I think it's time to move to the kitchen and make dinner. I think I should also tie a cinder block to the ceiling right over the H24, and maybe that would scare it into cooperating, especially if I use very small string to hold up the cinder block!


----------



## veryoldschool (Dec 10, 2006)

bratboy said:


> Okay, I was just wanting to check for myself on my boxes. This isn't the same as going to menu setup and then to system info and test from there?

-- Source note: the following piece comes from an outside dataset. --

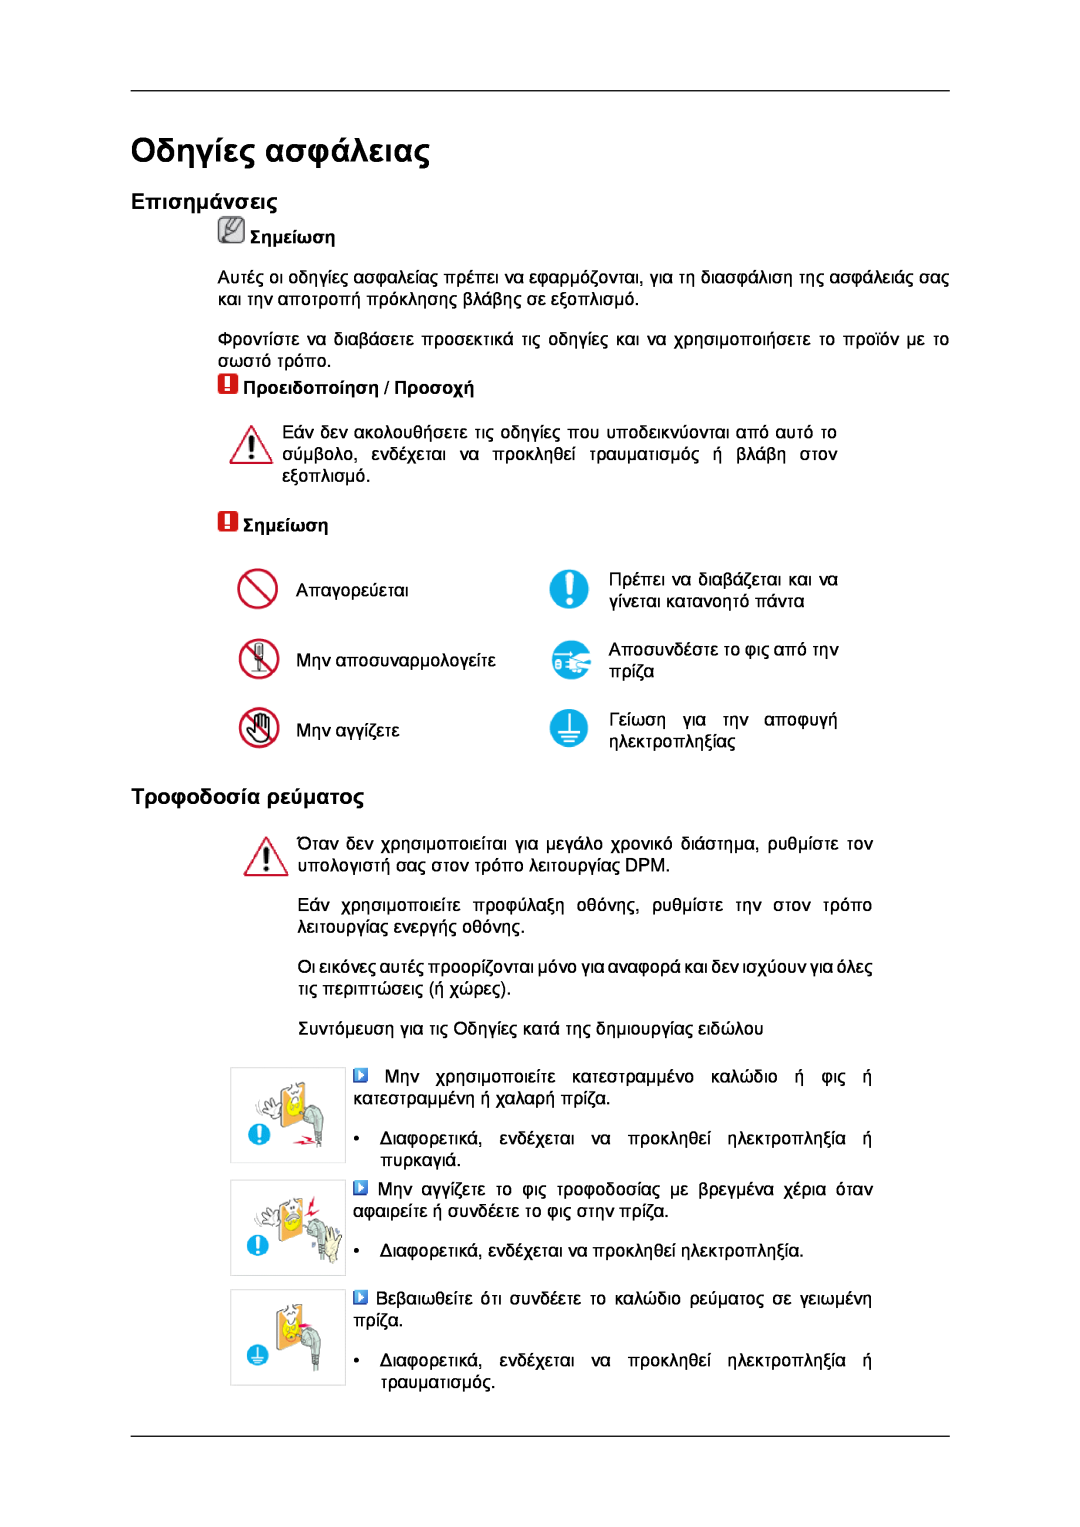 Samsung LH40MRPLBF/EN manual Οδηγίες ασφάλειας, Επισημάνσεις, Τροφοδοσία ρεύματος, Σημείωση, Προειδοποίηση / Προσοχή 
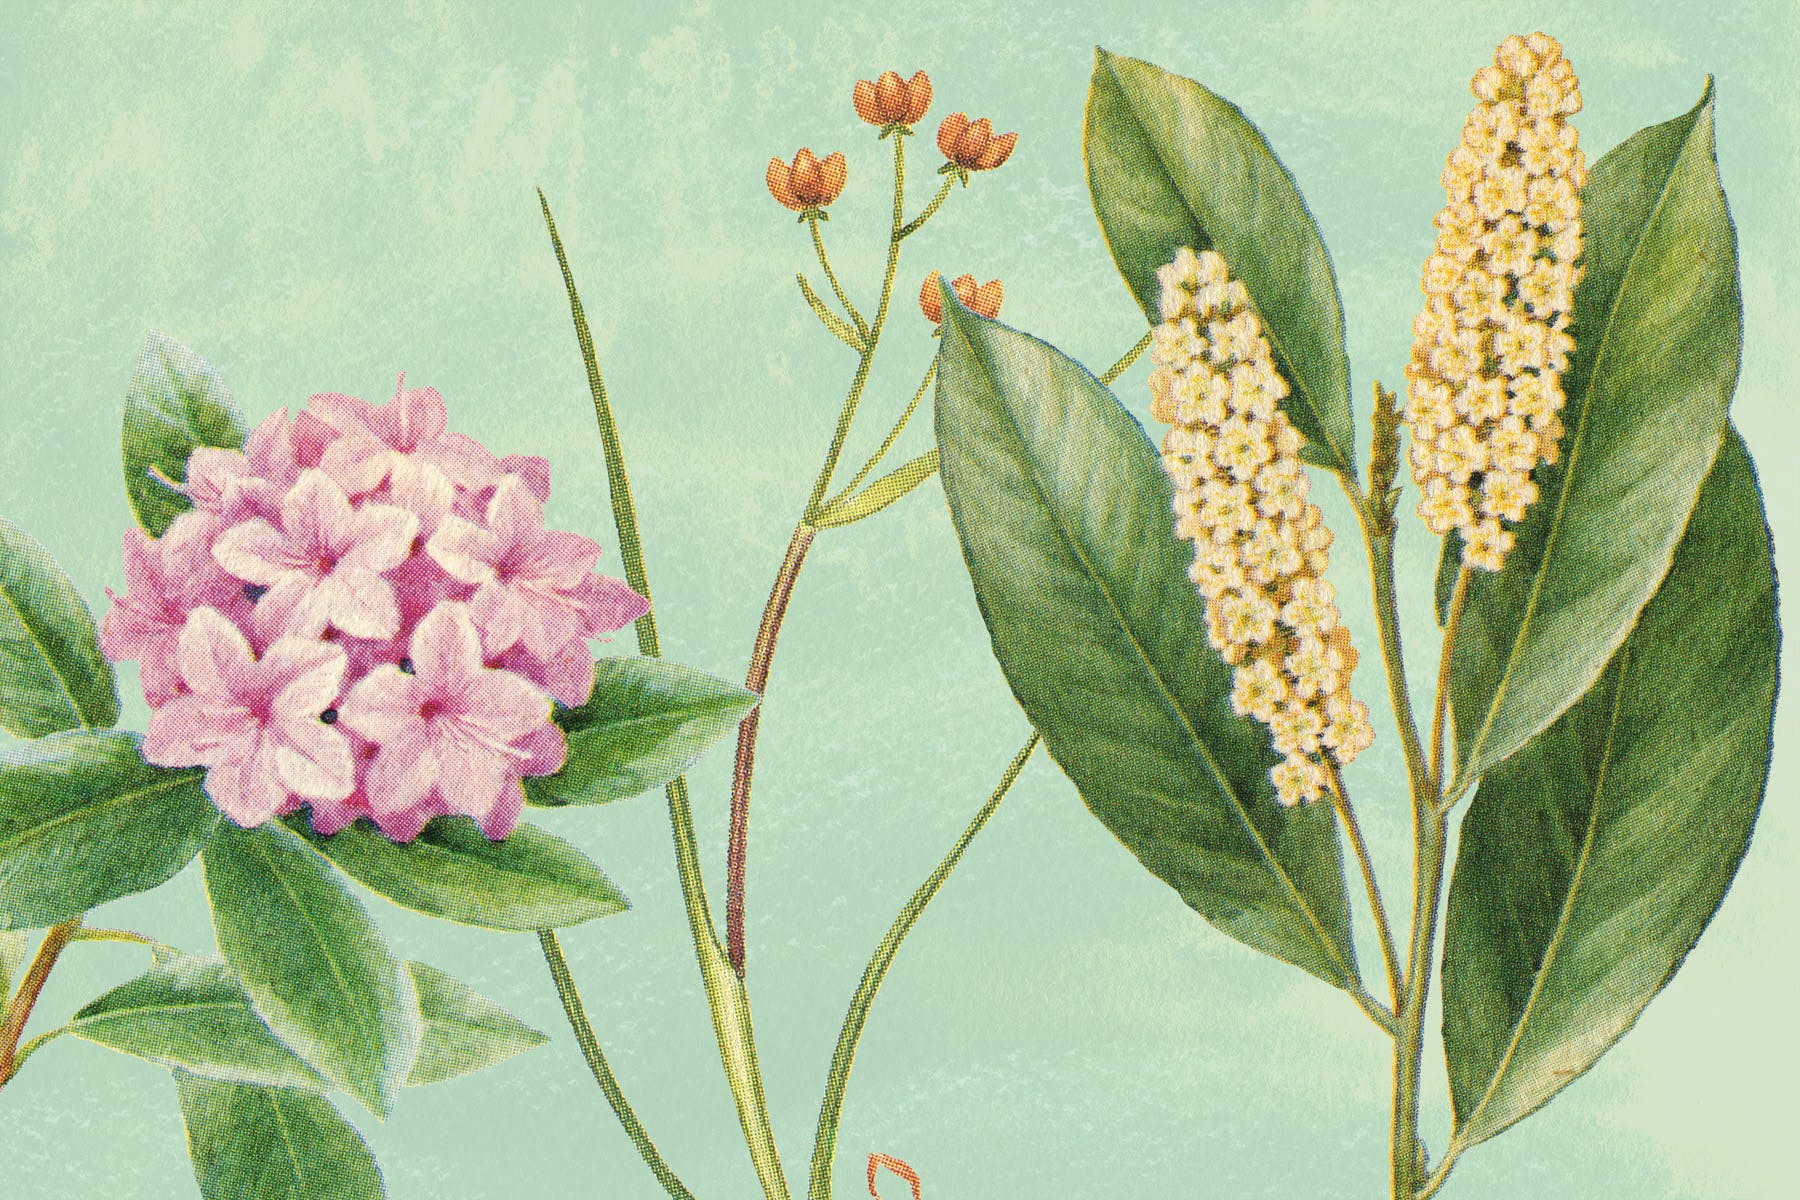 古董书籍植物手绘插画图案设计素材v3 Vintage Botanical Illustrations Vol.3插图1

It's the same but a shortcut to the menu


----------



## veryoldschool (Dec 10, 2006)

mikemyers said:


> David, if I did that, I'd probably have two brand new boxes, both working fine, and we'd have no idea of what the problem was, or how to fix it (for others, who will surely have the same problem, if they or their installer ever connects an internet cable to the back of the receiver).
> 
> David Ortiz suggested "what about plugging the H24 DECA ethernet into a laptop to see if the laptop gets an address". I'm not sure what he meant, let alone how to do this, but maybe that might be a backdoor into the system, which would allow us to change the incorrect settings. There's a USB port on the H24 - there should be some way to get into it as a support technician might, and fix any corrupted settings.
> 
> I think it's time to move to the kitchen and make dinner. I think I should also tie a cinder block to the ceiling right over the H24, and maybe that would scare it into cooperating, especially if I use very small string to hold up the cinder block!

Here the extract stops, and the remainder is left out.